Content starts

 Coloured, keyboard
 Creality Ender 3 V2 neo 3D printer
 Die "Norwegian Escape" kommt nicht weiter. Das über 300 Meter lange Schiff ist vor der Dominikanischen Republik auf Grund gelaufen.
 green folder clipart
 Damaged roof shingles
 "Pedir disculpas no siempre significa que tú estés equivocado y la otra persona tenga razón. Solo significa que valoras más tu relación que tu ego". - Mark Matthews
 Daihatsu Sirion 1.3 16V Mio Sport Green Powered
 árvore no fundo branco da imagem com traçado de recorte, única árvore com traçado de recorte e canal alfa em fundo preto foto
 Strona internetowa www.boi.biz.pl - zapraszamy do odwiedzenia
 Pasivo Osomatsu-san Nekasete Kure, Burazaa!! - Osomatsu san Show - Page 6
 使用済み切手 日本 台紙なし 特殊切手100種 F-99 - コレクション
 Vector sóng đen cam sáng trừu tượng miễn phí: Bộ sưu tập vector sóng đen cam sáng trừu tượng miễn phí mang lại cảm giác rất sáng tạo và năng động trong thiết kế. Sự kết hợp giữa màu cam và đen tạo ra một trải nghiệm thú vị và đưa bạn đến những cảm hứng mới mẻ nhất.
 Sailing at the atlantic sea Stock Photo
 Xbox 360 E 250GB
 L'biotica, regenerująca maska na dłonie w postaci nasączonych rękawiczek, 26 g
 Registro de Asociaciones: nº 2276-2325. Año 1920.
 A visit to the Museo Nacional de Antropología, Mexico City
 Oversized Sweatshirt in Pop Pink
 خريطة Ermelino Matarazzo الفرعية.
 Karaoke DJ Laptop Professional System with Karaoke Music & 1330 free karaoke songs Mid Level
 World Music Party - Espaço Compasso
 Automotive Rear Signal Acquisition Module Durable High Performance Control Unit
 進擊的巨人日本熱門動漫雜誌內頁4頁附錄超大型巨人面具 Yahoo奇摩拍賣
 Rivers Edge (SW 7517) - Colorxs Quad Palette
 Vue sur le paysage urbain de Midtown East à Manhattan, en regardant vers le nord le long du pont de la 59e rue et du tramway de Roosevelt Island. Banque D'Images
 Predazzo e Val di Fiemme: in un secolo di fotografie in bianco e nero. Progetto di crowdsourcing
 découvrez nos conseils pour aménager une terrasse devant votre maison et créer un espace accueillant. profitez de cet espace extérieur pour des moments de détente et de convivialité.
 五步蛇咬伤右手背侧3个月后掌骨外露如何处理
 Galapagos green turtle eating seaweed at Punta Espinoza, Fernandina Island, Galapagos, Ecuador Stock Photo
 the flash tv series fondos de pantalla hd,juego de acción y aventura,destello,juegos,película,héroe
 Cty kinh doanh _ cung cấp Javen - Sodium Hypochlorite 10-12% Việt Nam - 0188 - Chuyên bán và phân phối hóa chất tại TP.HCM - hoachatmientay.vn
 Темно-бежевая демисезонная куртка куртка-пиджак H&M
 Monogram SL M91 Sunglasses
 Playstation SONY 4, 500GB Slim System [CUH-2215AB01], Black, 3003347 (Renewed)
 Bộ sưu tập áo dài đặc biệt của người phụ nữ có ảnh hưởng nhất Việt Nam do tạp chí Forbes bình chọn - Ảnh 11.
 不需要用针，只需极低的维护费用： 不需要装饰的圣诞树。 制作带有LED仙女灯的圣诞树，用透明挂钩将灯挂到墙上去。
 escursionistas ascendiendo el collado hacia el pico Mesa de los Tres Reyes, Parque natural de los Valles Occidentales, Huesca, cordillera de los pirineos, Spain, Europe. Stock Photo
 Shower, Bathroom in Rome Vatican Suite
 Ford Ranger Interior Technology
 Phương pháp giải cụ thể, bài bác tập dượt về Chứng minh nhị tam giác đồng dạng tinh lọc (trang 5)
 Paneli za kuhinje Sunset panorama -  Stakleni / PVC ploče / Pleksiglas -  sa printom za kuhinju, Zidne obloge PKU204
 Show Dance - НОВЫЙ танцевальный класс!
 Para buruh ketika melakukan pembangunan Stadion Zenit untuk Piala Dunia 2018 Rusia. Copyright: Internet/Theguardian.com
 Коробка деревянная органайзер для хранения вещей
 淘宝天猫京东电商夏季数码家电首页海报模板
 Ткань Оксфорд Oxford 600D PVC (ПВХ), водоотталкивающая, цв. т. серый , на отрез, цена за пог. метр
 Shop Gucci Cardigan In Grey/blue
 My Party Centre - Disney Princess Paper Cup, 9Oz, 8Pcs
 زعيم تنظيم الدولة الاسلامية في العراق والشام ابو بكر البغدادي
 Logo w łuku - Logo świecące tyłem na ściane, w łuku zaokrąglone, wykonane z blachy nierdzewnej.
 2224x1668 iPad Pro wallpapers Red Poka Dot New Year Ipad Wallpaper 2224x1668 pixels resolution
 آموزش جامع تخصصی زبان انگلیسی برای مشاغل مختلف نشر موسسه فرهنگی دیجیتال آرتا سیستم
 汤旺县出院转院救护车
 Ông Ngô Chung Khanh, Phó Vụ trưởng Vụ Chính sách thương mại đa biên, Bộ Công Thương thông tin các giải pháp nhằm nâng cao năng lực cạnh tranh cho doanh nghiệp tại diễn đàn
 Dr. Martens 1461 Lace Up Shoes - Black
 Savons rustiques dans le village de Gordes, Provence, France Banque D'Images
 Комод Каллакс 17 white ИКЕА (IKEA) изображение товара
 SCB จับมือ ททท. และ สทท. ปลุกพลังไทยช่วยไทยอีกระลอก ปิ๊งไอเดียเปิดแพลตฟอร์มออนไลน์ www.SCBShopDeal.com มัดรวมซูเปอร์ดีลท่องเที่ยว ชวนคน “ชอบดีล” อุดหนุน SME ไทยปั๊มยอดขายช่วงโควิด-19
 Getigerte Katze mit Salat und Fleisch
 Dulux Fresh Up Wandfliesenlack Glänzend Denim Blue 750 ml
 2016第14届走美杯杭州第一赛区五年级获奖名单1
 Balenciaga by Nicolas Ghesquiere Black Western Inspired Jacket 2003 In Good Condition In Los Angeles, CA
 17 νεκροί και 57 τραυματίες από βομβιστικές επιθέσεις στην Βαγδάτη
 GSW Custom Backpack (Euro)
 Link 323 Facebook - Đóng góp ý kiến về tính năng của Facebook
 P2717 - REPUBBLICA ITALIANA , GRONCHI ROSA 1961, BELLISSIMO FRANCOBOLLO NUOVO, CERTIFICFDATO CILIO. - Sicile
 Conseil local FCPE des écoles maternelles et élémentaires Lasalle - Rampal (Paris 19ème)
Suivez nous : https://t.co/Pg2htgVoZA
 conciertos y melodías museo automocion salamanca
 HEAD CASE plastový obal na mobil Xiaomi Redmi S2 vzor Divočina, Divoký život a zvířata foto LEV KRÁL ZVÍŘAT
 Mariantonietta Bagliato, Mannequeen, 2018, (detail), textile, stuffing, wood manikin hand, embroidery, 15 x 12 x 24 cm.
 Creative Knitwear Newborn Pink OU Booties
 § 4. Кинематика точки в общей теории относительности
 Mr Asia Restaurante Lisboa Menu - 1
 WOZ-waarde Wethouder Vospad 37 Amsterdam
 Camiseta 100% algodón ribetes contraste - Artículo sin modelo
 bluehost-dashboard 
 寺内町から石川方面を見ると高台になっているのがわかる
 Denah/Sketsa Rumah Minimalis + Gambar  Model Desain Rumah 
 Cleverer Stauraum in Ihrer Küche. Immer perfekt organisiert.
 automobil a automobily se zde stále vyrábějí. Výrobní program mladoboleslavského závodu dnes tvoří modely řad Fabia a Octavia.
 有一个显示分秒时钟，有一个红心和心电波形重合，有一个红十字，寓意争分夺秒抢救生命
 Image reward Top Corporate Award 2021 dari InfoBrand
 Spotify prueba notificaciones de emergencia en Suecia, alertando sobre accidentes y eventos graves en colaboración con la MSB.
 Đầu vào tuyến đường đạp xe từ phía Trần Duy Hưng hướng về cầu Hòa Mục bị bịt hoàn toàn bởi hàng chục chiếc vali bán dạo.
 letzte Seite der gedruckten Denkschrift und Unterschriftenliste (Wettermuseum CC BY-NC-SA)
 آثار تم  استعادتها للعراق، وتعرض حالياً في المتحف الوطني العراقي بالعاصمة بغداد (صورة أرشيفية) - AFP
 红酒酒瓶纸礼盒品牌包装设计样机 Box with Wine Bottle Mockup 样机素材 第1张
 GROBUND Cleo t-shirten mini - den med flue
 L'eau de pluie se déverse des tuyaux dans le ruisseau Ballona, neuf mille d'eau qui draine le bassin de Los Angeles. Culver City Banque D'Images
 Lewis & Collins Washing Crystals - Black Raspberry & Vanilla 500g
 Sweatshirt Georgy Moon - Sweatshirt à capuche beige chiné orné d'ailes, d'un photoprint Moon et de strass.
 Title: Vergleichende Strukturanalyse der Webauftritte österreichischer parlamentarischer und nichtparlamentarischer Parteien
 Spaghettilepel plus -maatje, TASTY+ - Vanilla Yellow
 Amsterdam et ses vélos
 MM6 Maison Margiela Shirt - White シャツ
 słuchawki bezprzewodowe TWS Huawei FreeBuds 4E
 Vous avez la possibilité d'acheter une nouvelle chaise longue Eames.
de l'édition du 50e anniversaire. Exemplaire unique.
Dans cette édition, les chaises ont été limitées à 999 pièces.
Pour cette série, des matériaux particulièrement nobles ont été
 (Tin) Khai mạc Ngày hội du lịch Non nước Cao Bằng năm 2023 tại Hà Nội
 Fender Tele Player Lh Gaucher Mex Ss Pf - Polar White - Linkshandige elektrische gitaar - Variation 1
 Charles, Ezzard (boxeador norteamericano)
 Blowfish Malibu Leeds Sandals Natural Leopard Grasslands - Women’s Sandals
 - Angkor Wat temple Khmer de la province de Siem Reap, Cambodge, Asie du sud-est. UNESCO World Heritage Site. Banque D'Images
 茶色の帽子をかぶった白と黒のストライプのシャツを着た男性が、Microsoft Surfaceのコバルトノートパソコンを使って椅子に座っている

Content ends

> [What is needed]: Using the data above, transcribe the lines that run from the line with "Registro de Asociaciones: nº" to the line with "進擊的巨人日本熱門動漫雜誌內頁4頁附錄超大型巨人面具 Yahoo奇摩拍賣", both ends kept, and output nothing else.

> [Output for this exercise]:
 Registro de Asociaciones: nº 2276-2325. Año 1920.
 A visit to the Museo Nacional de Antropología, Mexico City
 Oversized Sweatshirt in Pop Pink
 خريطة Ermelino Matarazzo الفرعية.
 Karaoke DJ Laptop Professional System with Karaoke Music & 1330 free karaoke songs Mid Level
 World Music Party - Espaço Compasso
 Automotive Rear Signal Acquisition Module Durable High Performance Control Unit
 進擊的巨人日本熱門動漫雜誌內頁4頁附錄超大型巨人面具 Yahoo奇摩拍賣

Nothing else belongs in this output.